Le pavillon de la Banque Nationale Suisse intitulé «Argent et valeur- le dernier tabou», brille au soleil comme un sou neuf. Soeur Emmanuelle reste sceptique devant l’oeuvre de l’artiste Harald Szeemann: de sa chaise roulante, elle contemple cet immense lingot d’or où des groupes d’adolescents, dont certains se font la courte échelle pour arriver plus haut, inscrivent leur nom sur le bas de la paroi déjà couverte de graffitis.

D’autres grattent la fine pellicule à l’aide d’une pièce de monnaie. Ils espèrent recueillir d’infimes quantité d’or et y passent parfois des heures: toute la surface du pavillon – 1’730 mètres carrés! – est recouverte d’une couche d’or d’un centième de millimètre d’épaisseur. Cela représente tout de même près de 3 kilos du précieux métal.

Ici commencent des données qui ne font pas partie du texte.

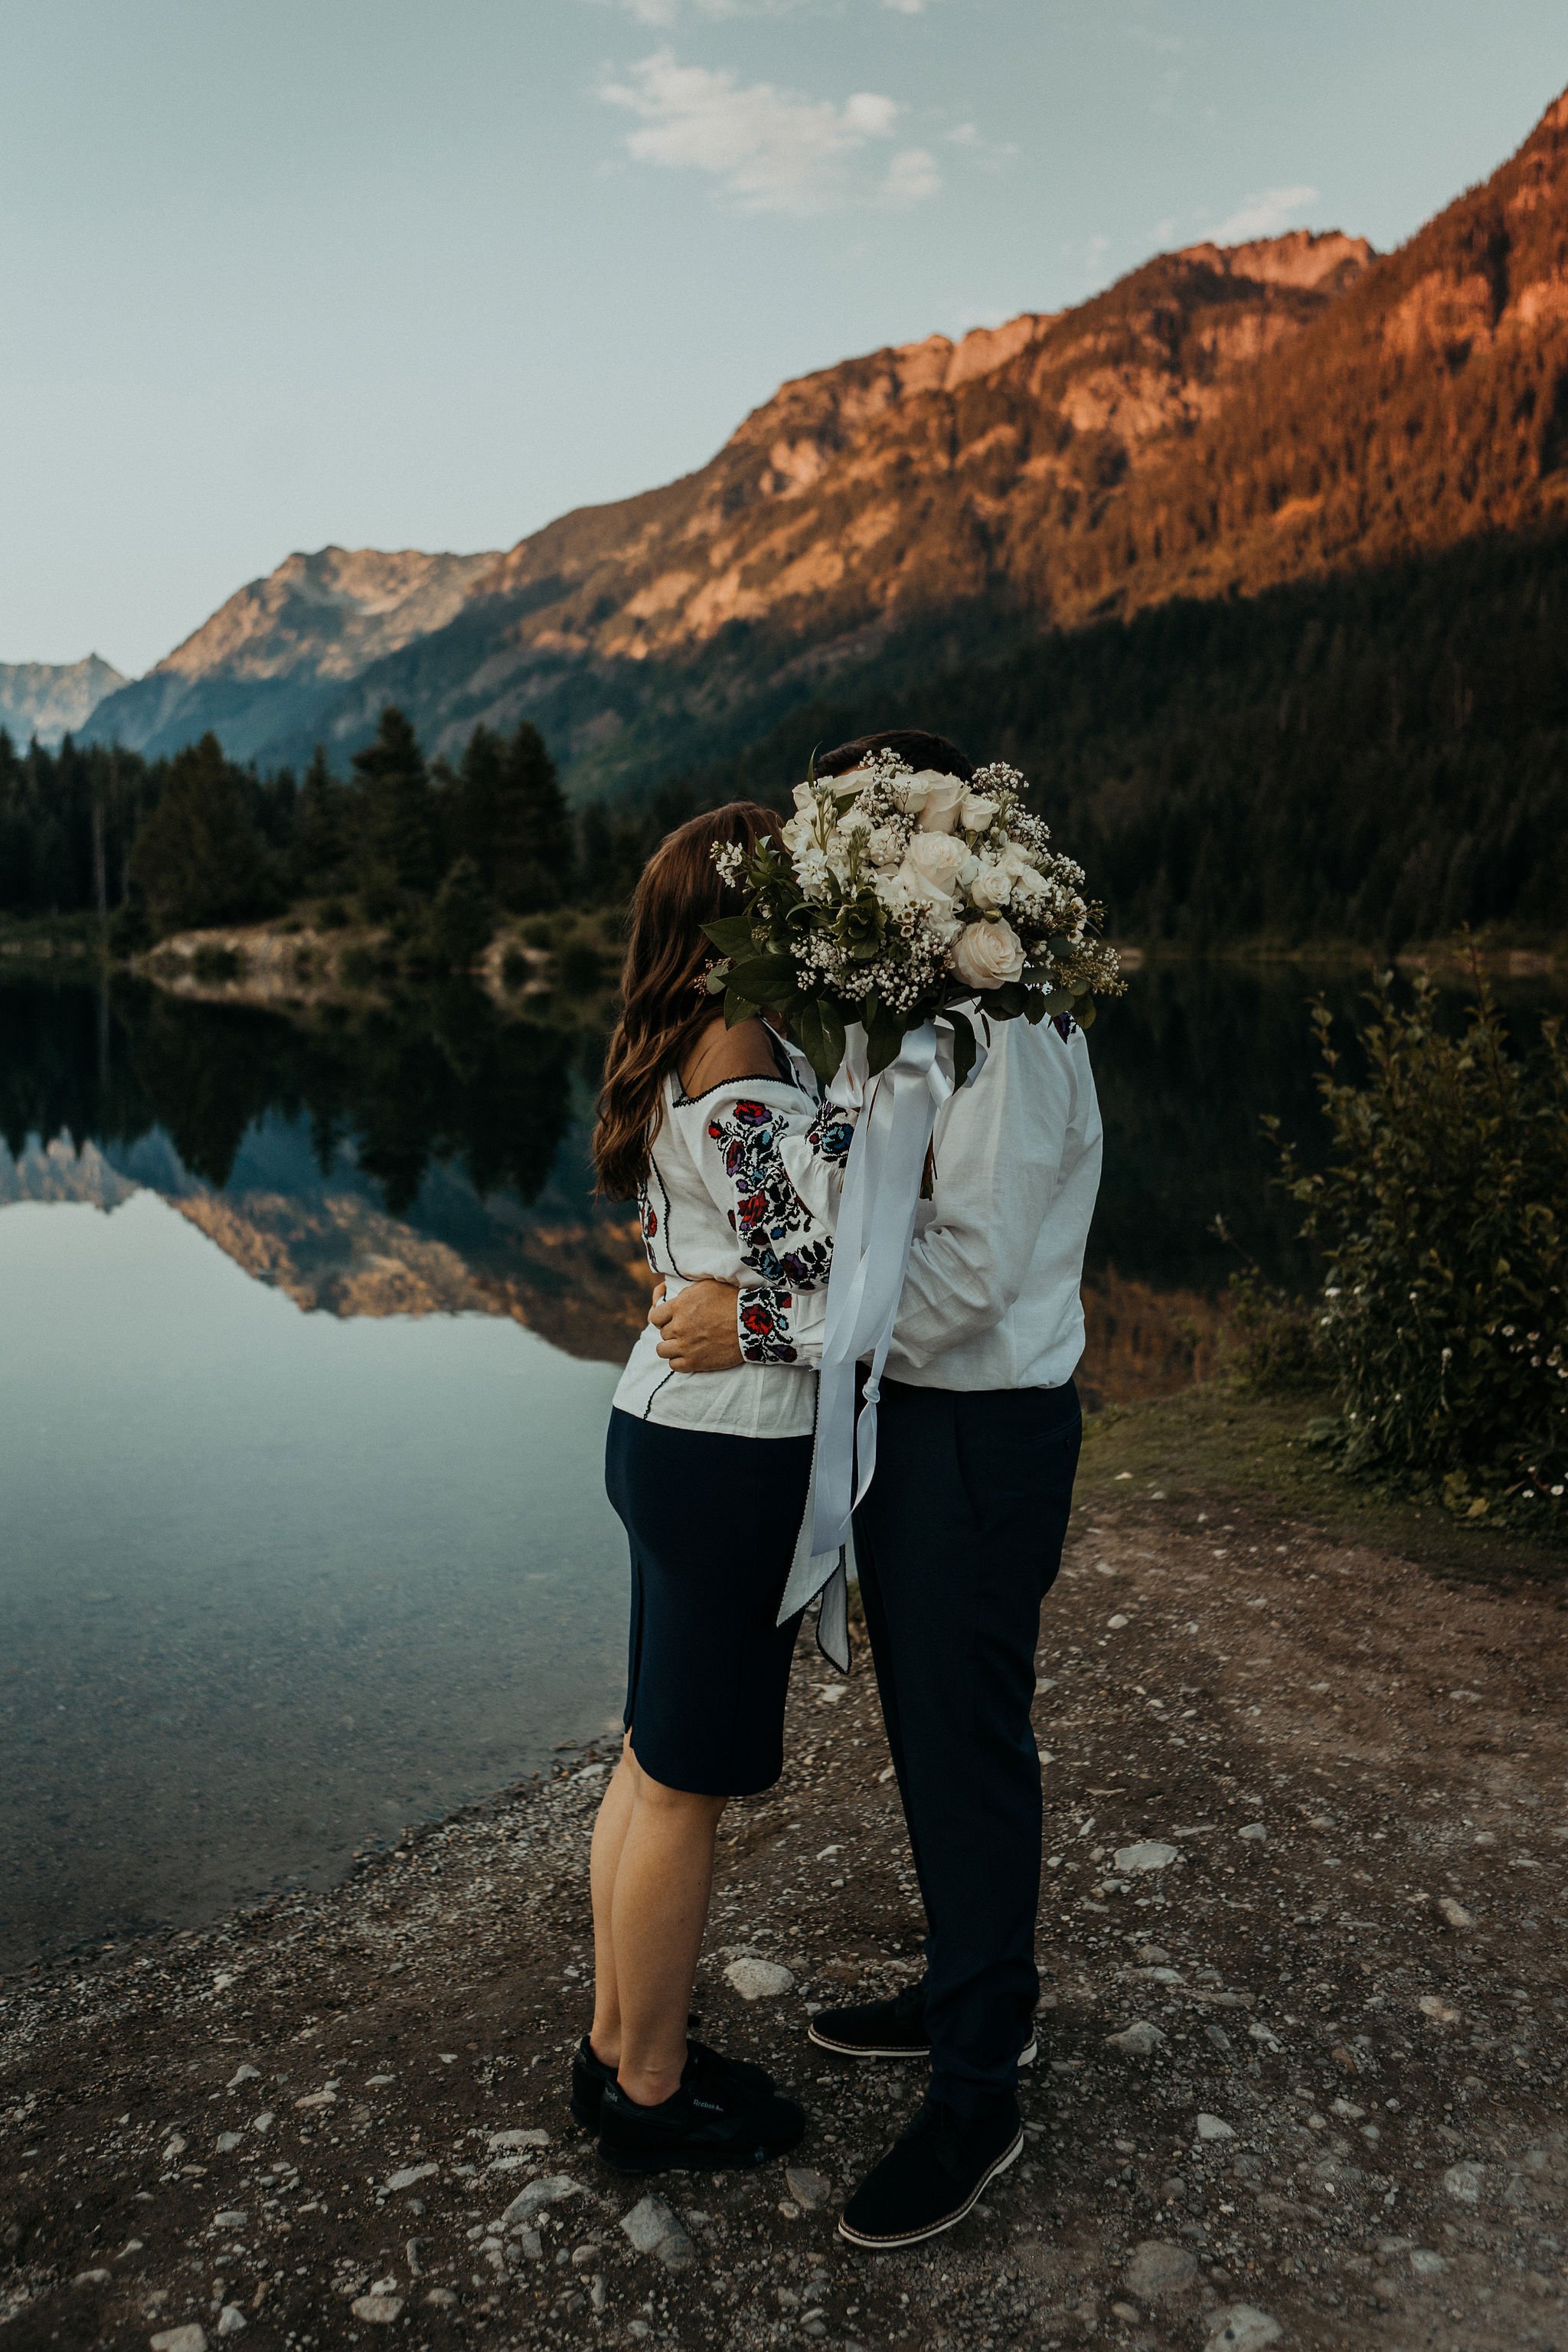 Kissing couple Elopement in Ukrainian style. Gold Creek Pond, general area Snoqualmie Pass, WA.jpg

«C’est vraiment la parole de l’Ecclésiaste: Vanitas vanitatum, et omnia vanitas ! Vanité des vanités, et tout est vanité!», lance de ses yeux d’un bleu intense la protectrice des chiffonniers du Caire. Paraphrasant le philosophe Blaise Pascal, elle relève que toute la matière ensemble ne fait pas une seule pensée, et toutes les pensées ensemble, les découvertes les plus intelligentes, ne font pas un seul acte gratuit de charité. «Que vaut toute cette matière, tout cet or, à côté de l’intelligence de l’homme, et surtout à côté du coeur de l’homme qui aime!»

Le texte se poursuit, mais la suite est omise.